What would have likely been a surprise, however, was what happens in the next scene of the text. As people give from their excess, a widow gives two lepta, the smallest monetary denomination in first century Palestine. Jesus, somehow knowing this woman’s financial situation, indicates that she has put in her whole life. The NRSV here softens the Greek expression olon ton bion autēs from “her whole life” to “all she had to live on.” While the phrase can mean the latter, the former connects this phrase with Jesus’ words in Mark 12:30 (“You shall love the LORD your God with all your heart, and with all your soul, and with all your mind, and with all your strength”). Those whose sacrifices provided for the Temple financially were not the ones who gave the most. Rather than lifting up those with power and influence in the community, Jesus identifies the widow as having given more: she gives herself. 

Preaching

Preachers this week may want to engage what devours or consumes our communities and our society today. Many among us are exhausted as COVID-19 numbers are on the rise when some only recently started worshipping face-to-face and letting down our guards. Many have worked tirelessly to resist racist structures and confront our own racism. It often feels like the demands made of us outrun the time, energy, and life we have been given. Regardless of whether the widow’s offering is an example or a critique, it is crucial to remember that the house of God is not a place to devour widows. It is not a place where anyone should be devoured. There is a difference between giving everything and having everything taken away.

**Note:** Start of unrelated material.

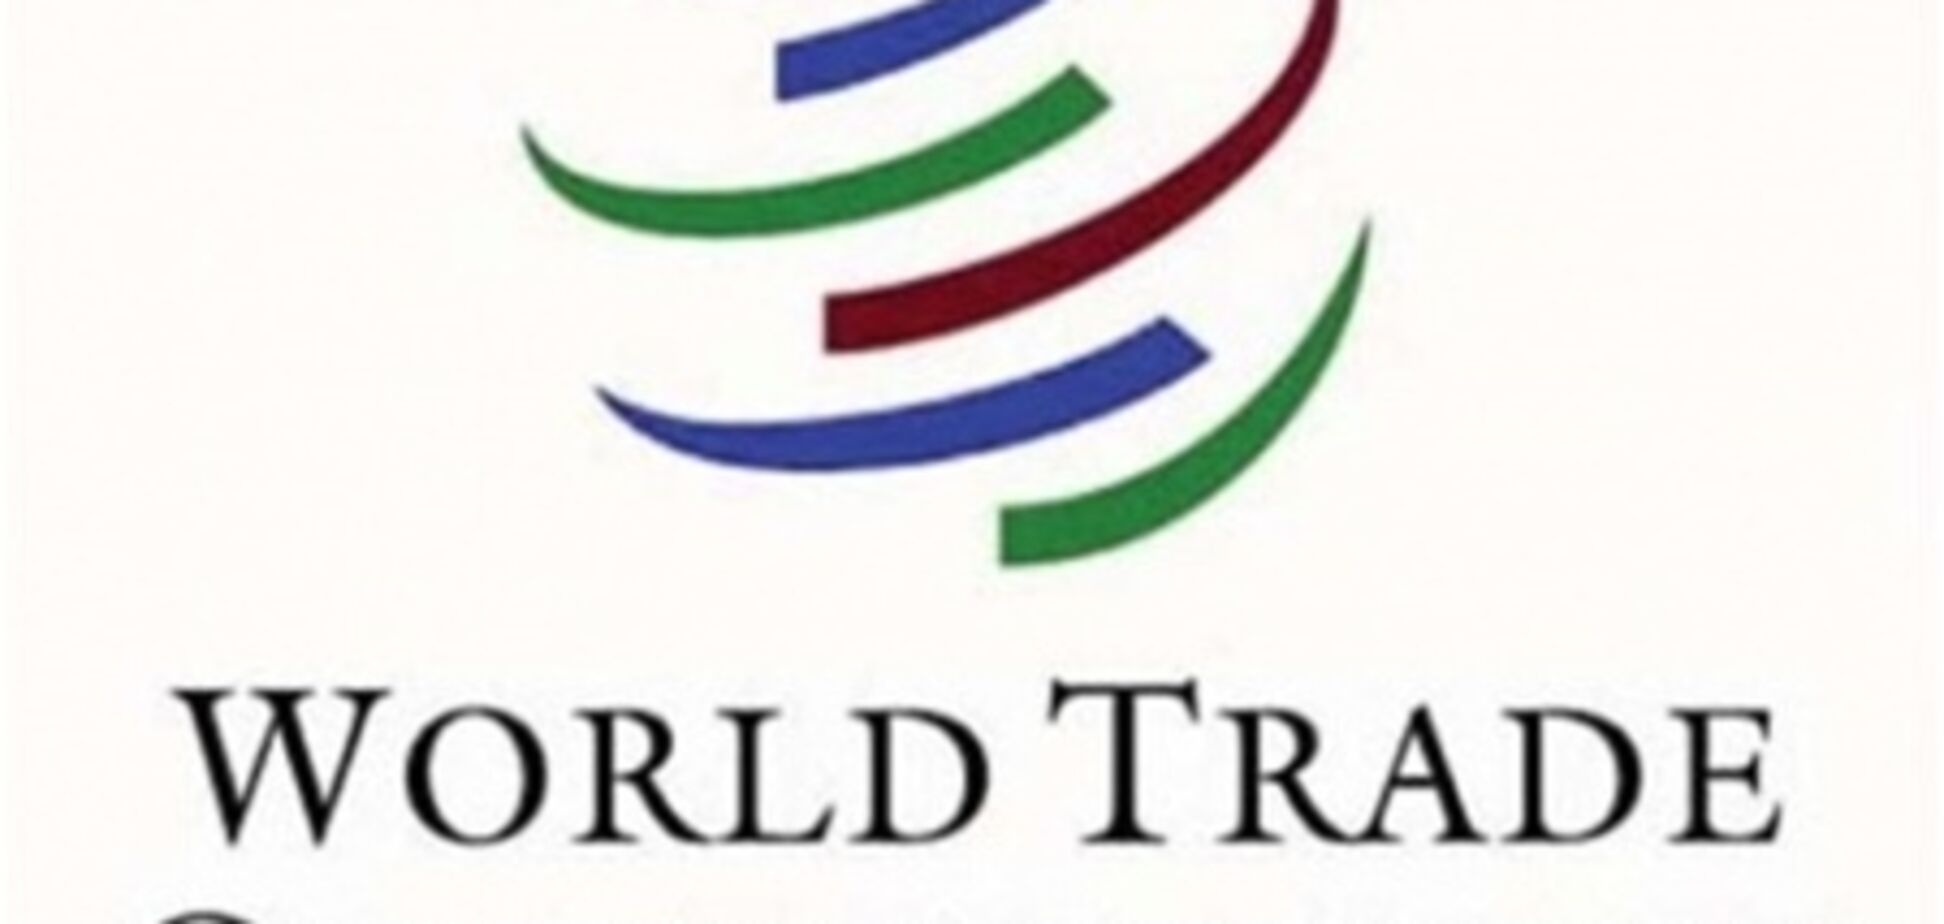 ВТО 11 июля рассмотрит претензии к Украине по пошлинам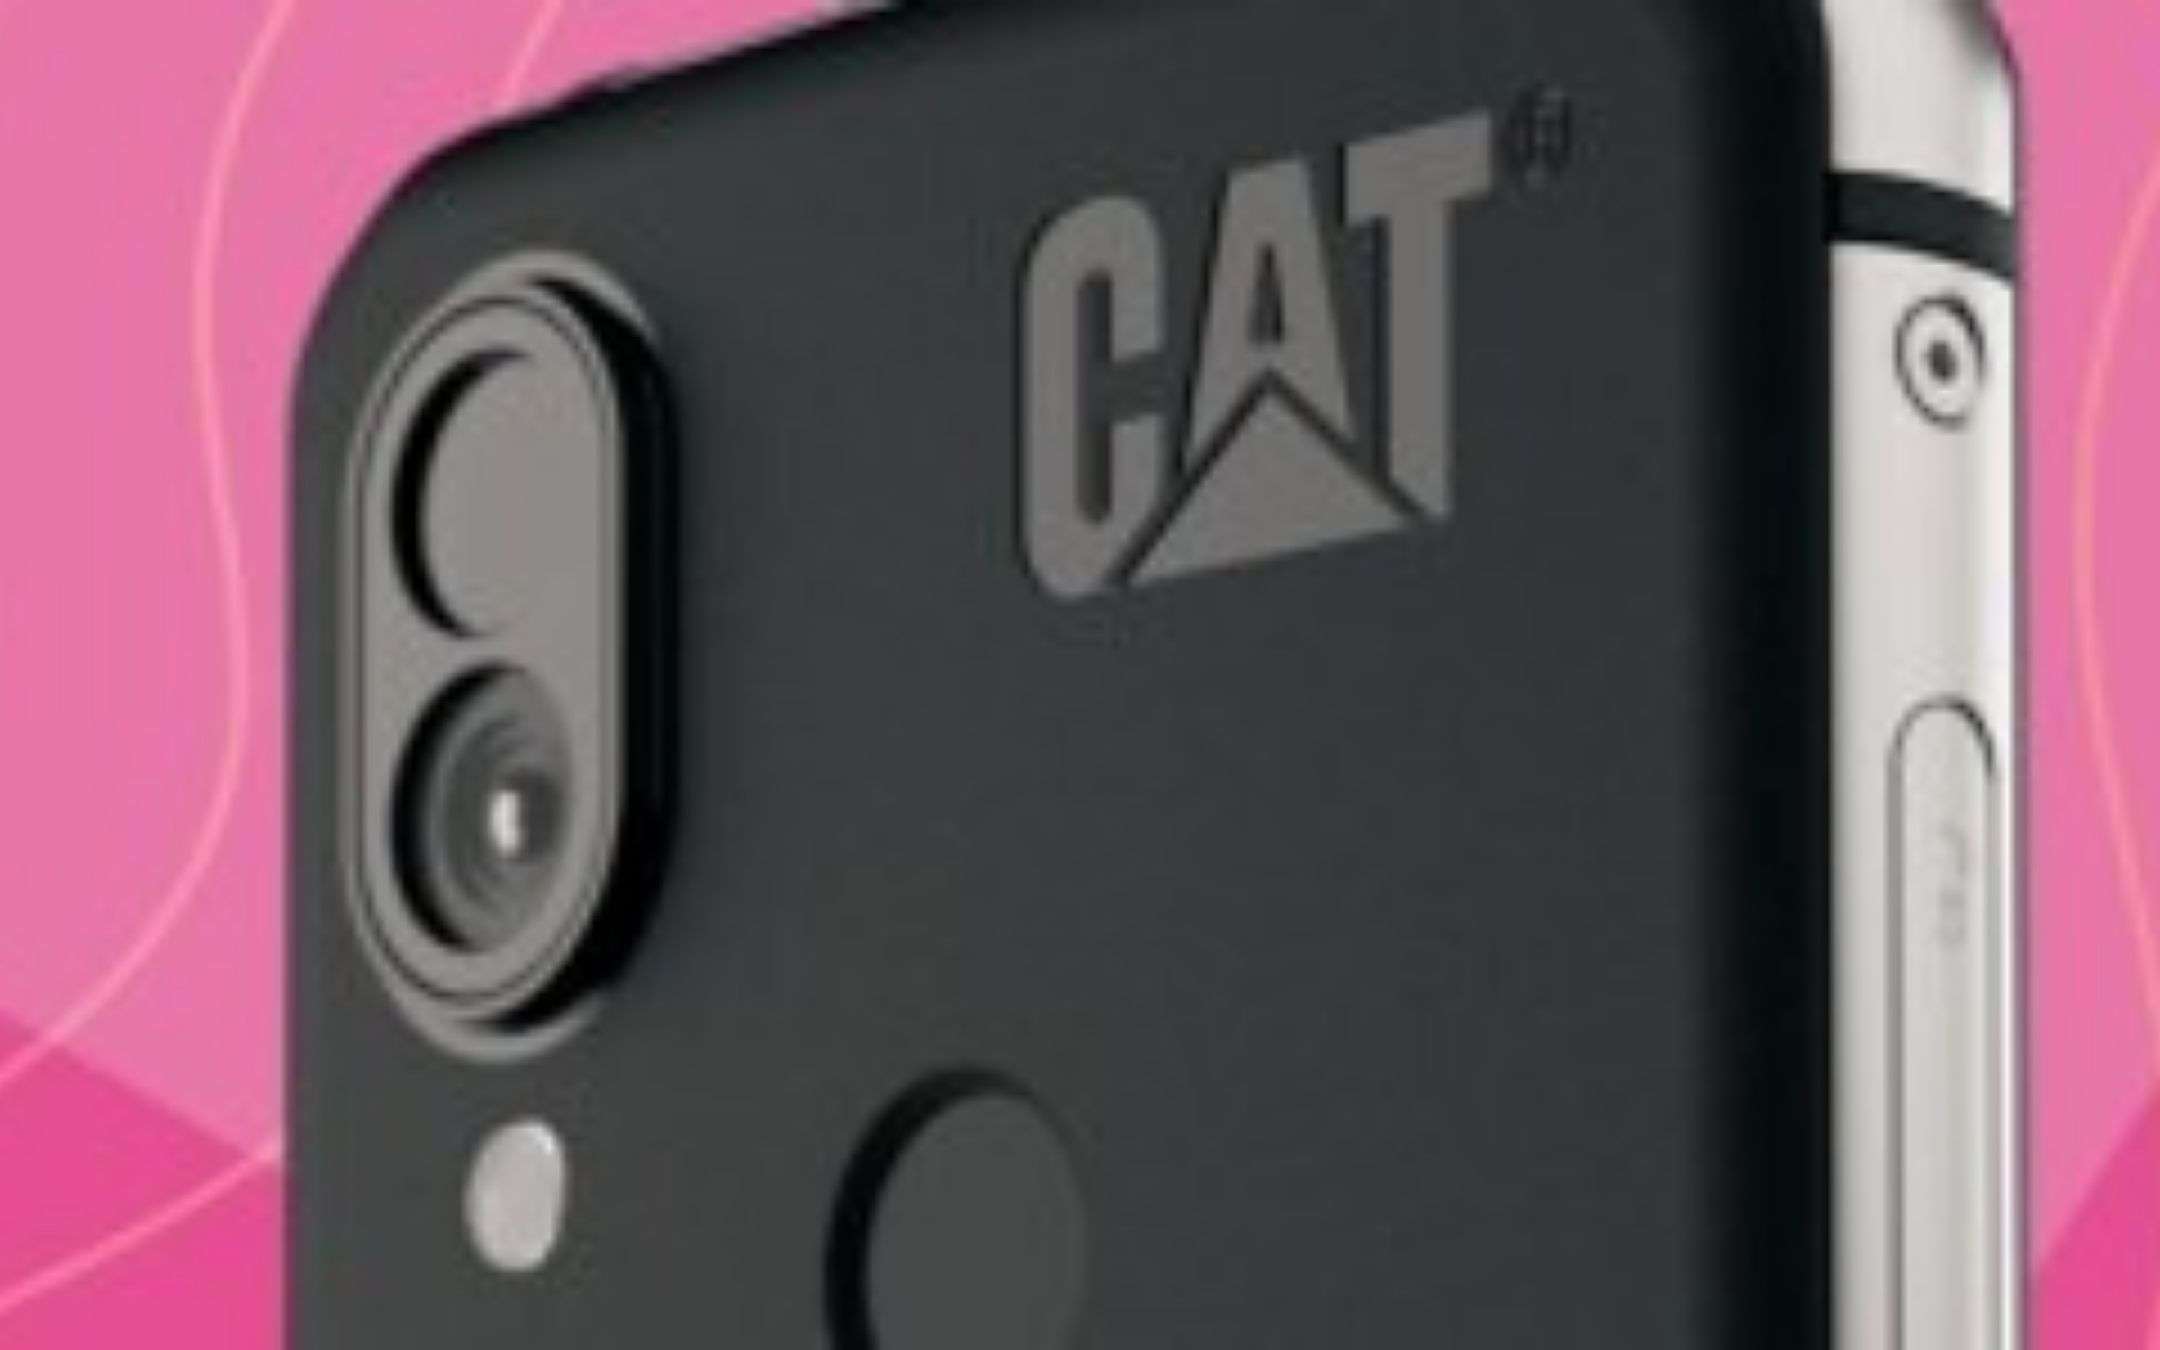 Cat S62 Pro con termocamera aggiornata: il teaser

The cruciform existence, or the life of discipleship, according to Mark, involves giving one’s life (Mark 8:34-37). It is important, however, to keep front and center what consumes us. If we are consumed by honor, power, social media, beauty, or money, they will eat us alive, and they ultimately leave us empty. Emptiness devours us, and it promises a life it cannot give. Part of the task of preaching is to identify hunger for Good News when spiritual junk food is readily on offer. Invite people to taste and see: when you give your whole life to God, it becomes fuller than you imagined.


Notes

  1. Adela Yarboro Collins, Mark, Hermeneia (Minneapolis: Fortress Press, 2007), 590; Collins notes, however, that this behavior is in contrast with the scribes described in Mark 12:38-40.
  2. Emerson Powery suggests that the widow’s action is a condemnation of injustice, “Mark,” in True to Our Native Land: An African American New Testament Commentary, ed. Brian K. Blount (Minneapolis: Fortress Press, 2007), 145. 
  3. Rachel St. Clair Lettsome, “Mark,” in The New Testament: Fortress Commentary on the Bible, ed. Margaret Aymer, Cynthia Briggs Kittredge, and David A. Sánchez (Minneapolis: Fortress Press, 2014), 202.